Inferring Unreported Measurement Uncertainties via Information Geometry in Astrophysics
Inferring Unreported Measurement Uncertainties via Information Geometry in Astrophysics
Marko Imbrišak, Krešimir Tisanić
AbstractModern radio and multi-instrument astrophysical datasets are increasingly assembled from surveys with different sensitivities and selection effects. In such heterogeneous datasets, published measurement uncertainties are often incomplete, non-uniform across subsets, or missing cross-correlation information altogether. This limits reliable statistical inference, since underestimated or inconsistently modeled uncertainties can distort fitted spectral shapes, bias parameter estimates, and obscure physically meaningful structure.

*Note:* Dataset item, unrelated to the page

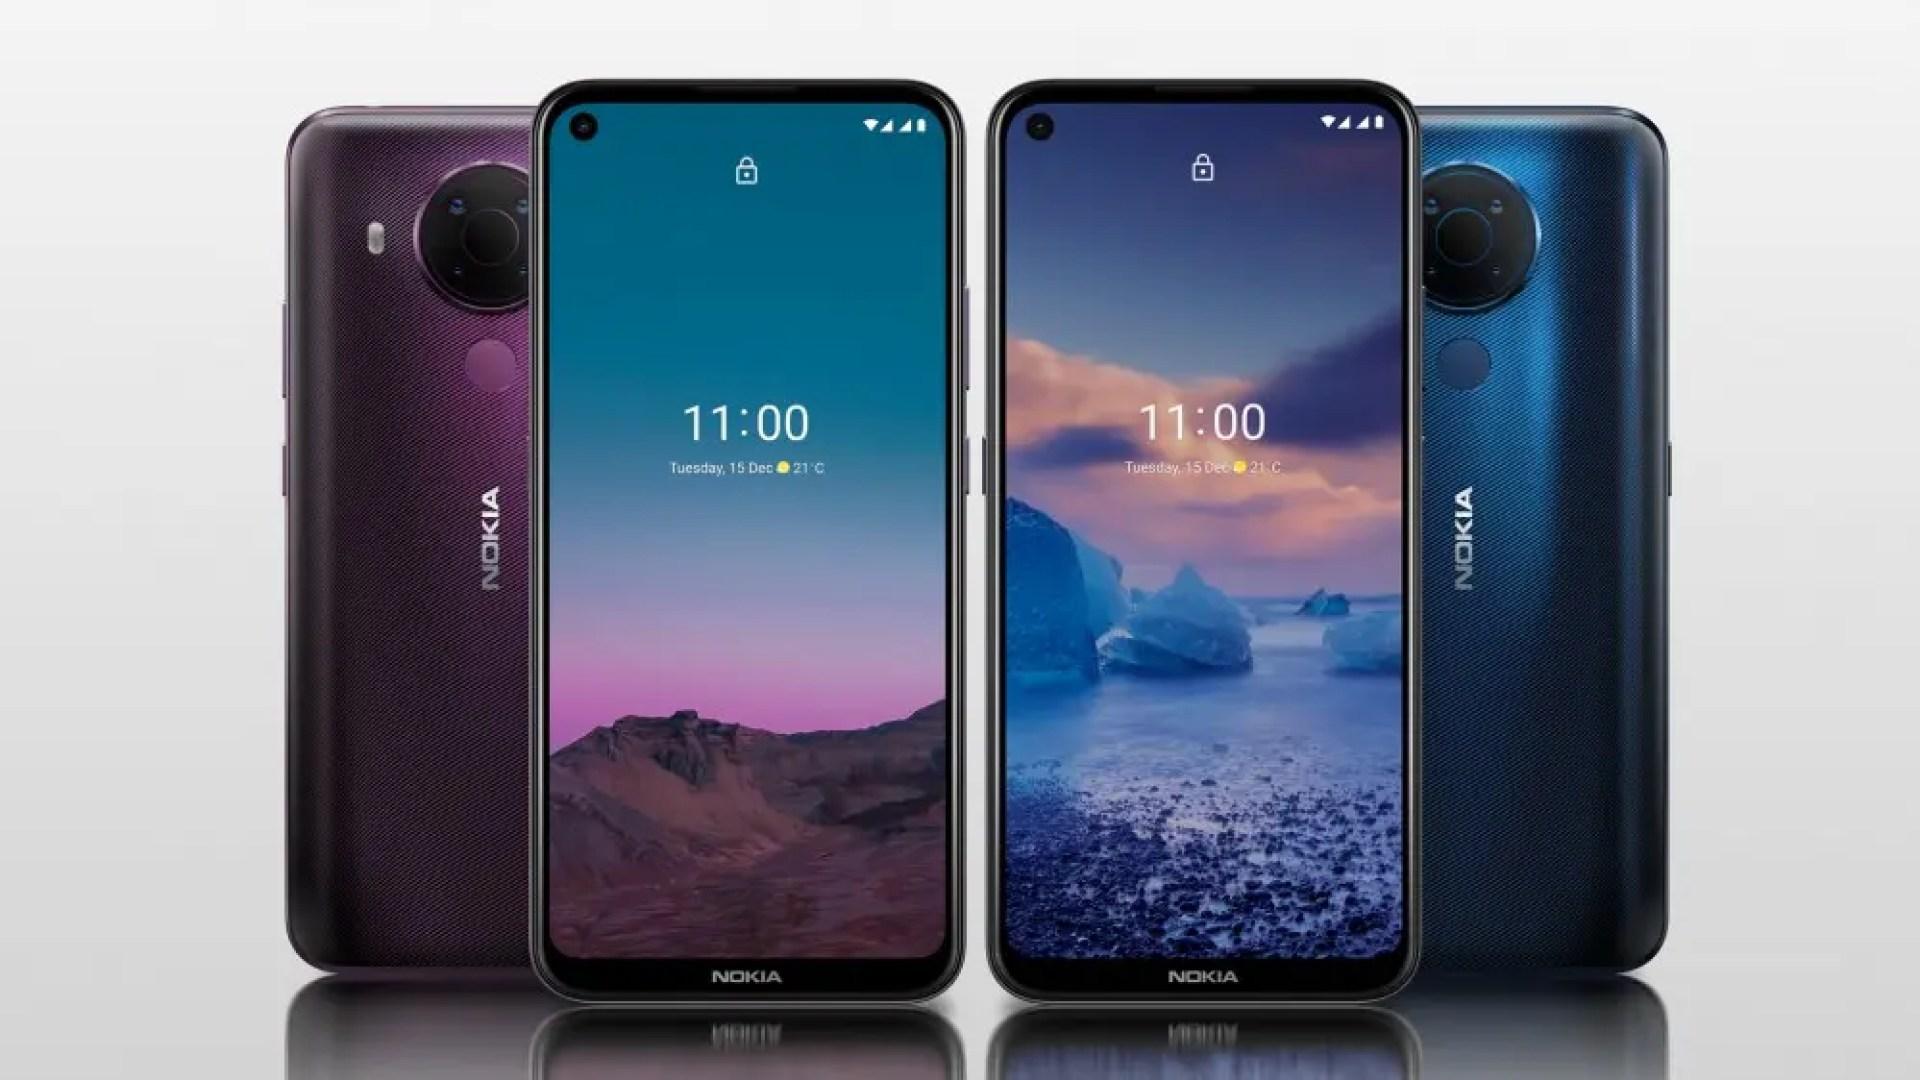 Nokia 5.4 smartphones against gray background
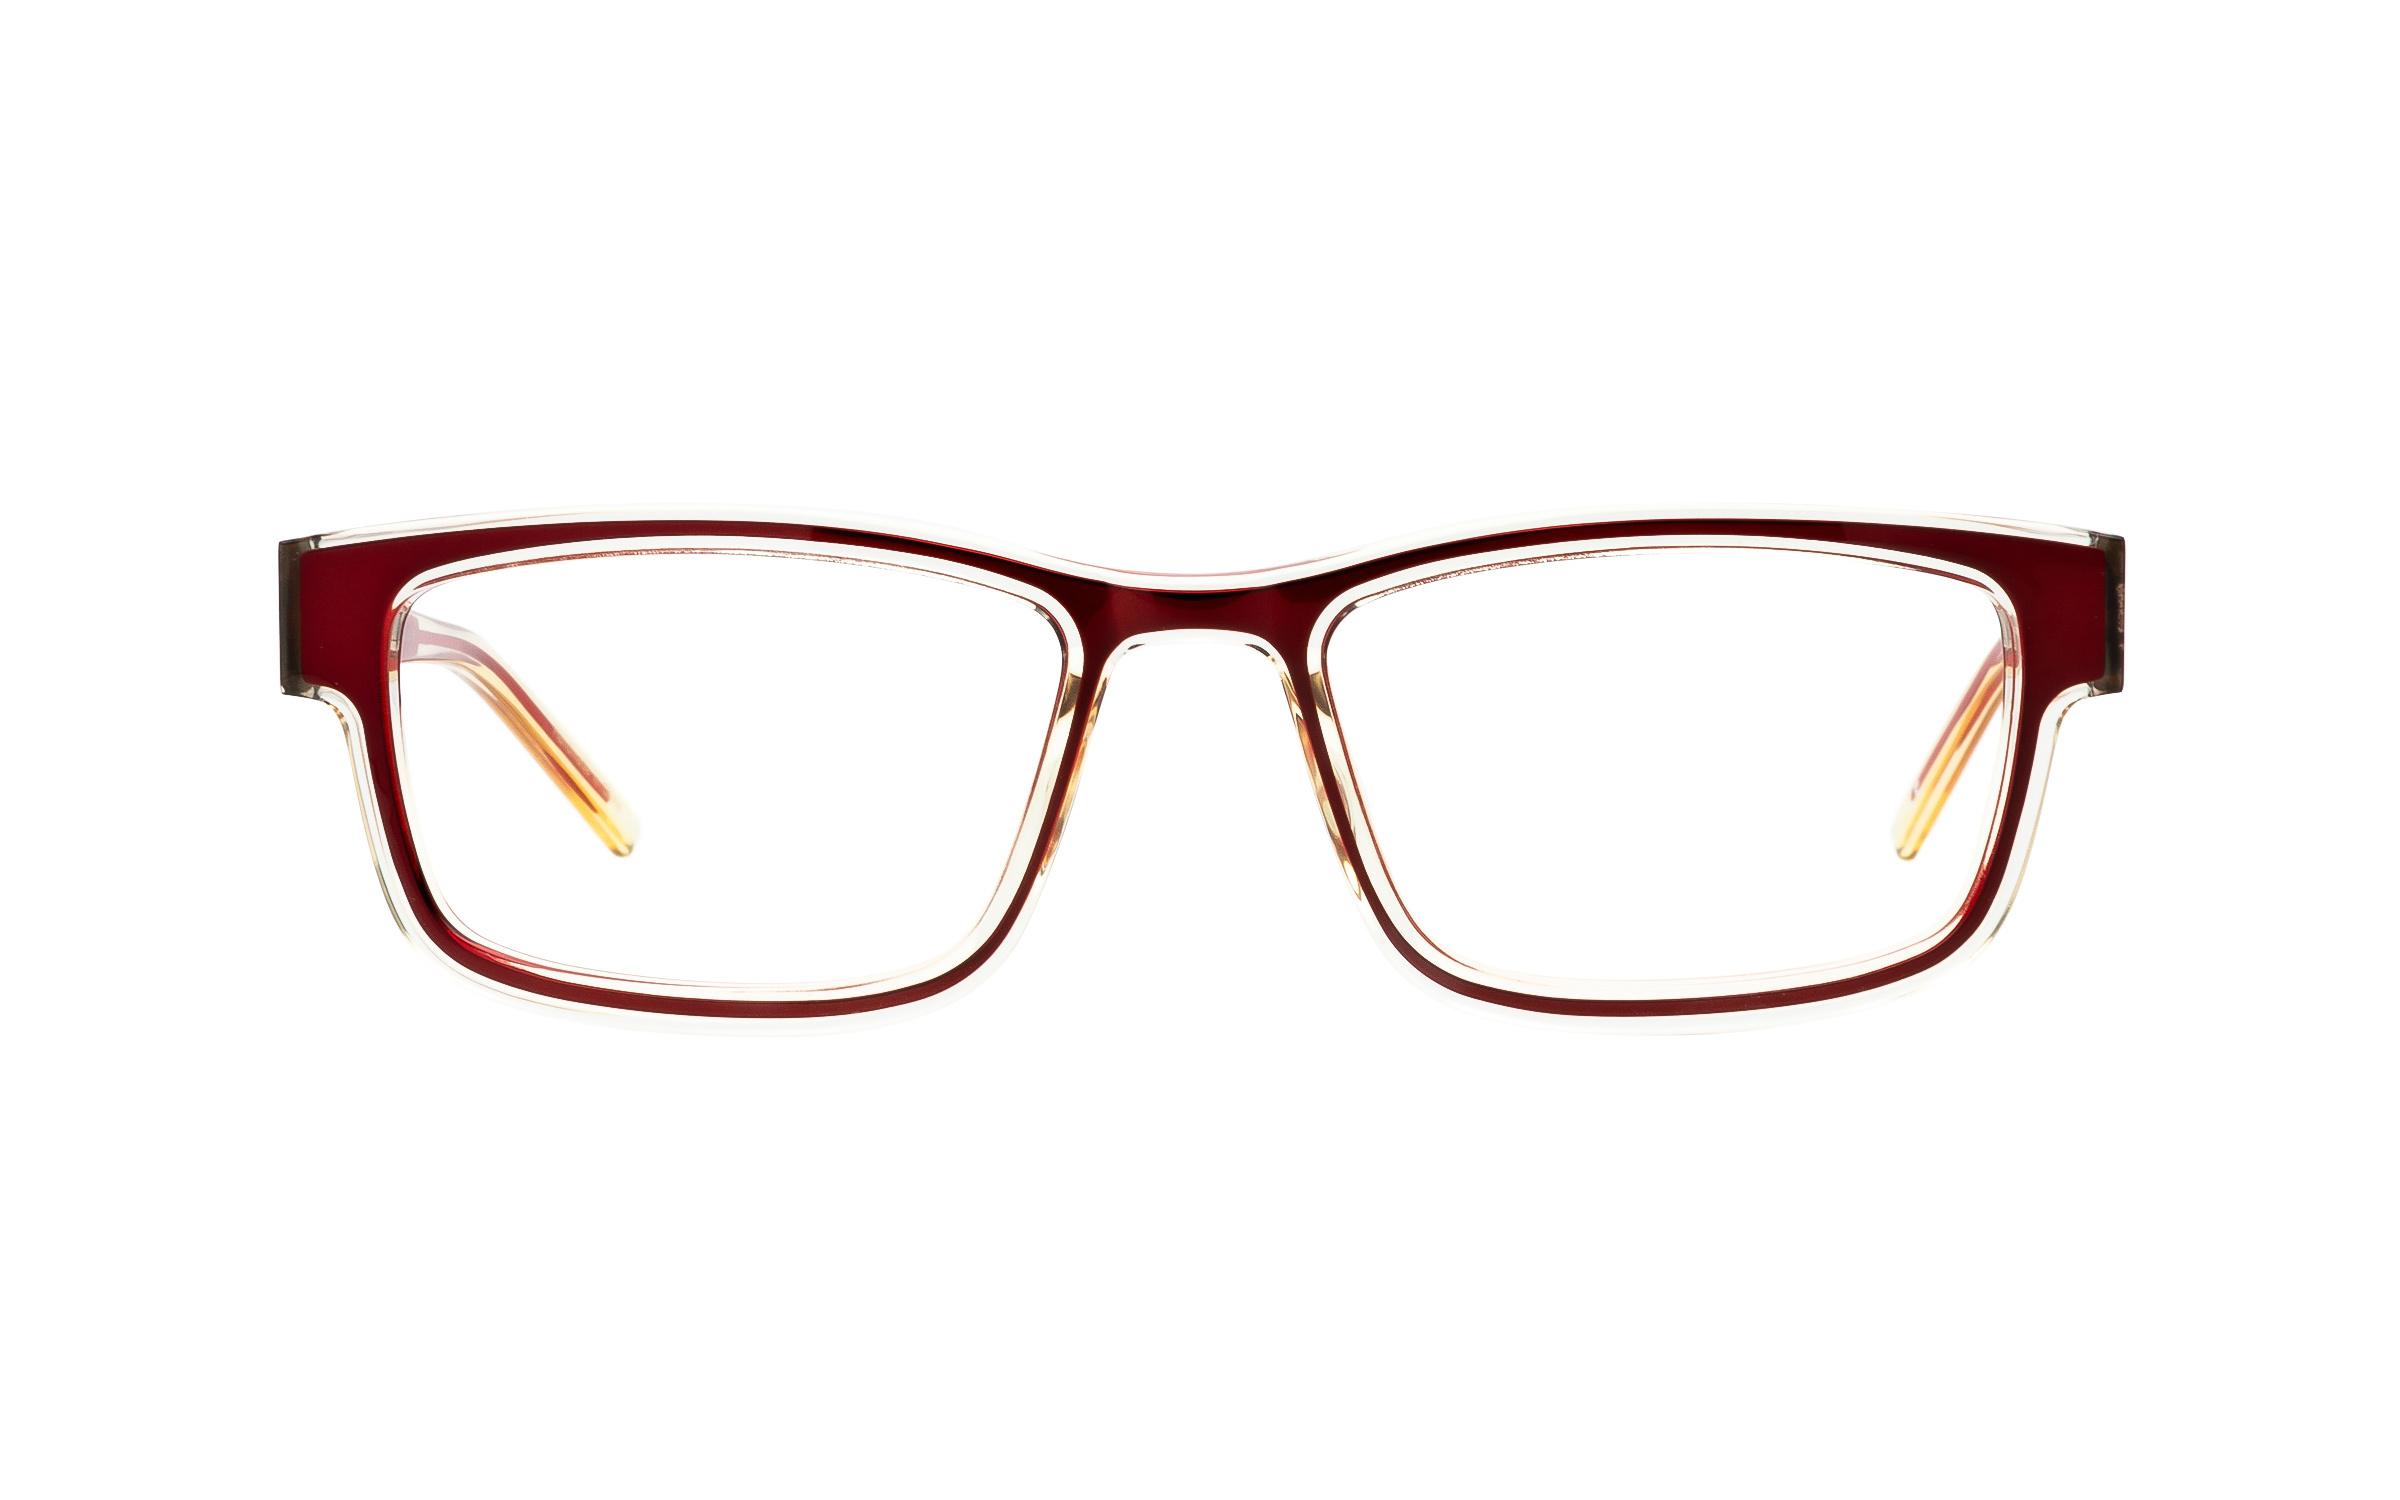 http://www.coastal.com/ - Jhane Barnes Converge BC (54) Eyeglasses and Frame in Brick Red | Acetate – Online Coastal

We introduce the Fisher Information Metric Error Reconstruction (FIMER), an information-geometric framework for reconstructing effective measurement uncertainties directly from heterogeneous astrophysical data. FIMER combines weighted Fisher-information geometry, FBET and an adaptive discrete hyperparameter search, while incorporating prior statistical knowledge of detector behavior into the weighting procedure. The priors used are not chosen as arbitrary tuning prescriptions or uninformative regularizers; they are motivated by statistical properties of the underlying detection process. Poisson priors represent counting-statistics behavior, while extreme-value priors allow tail-dominated fluctuations to be incorporated when rare or asymmetric excursions are expected to influence the inferred uncertainty distribution. We apply FIMER to radio SEDs of RxAGN using COSMOS VLA data at 1.4 and 3 GHz together with GMRT data at 325 and 610 MHz. The results show that FIMER provides a practical route to uncertainty reconstruction in heterogeneous survey combinations, especially when reported uncertainties are unavailable, underestimated, or strongly correlated. The method is particularly relevant for archival and multi-survey astrophysical datasets, where full covariance information is rarely available but reliable statistical inference remains essential.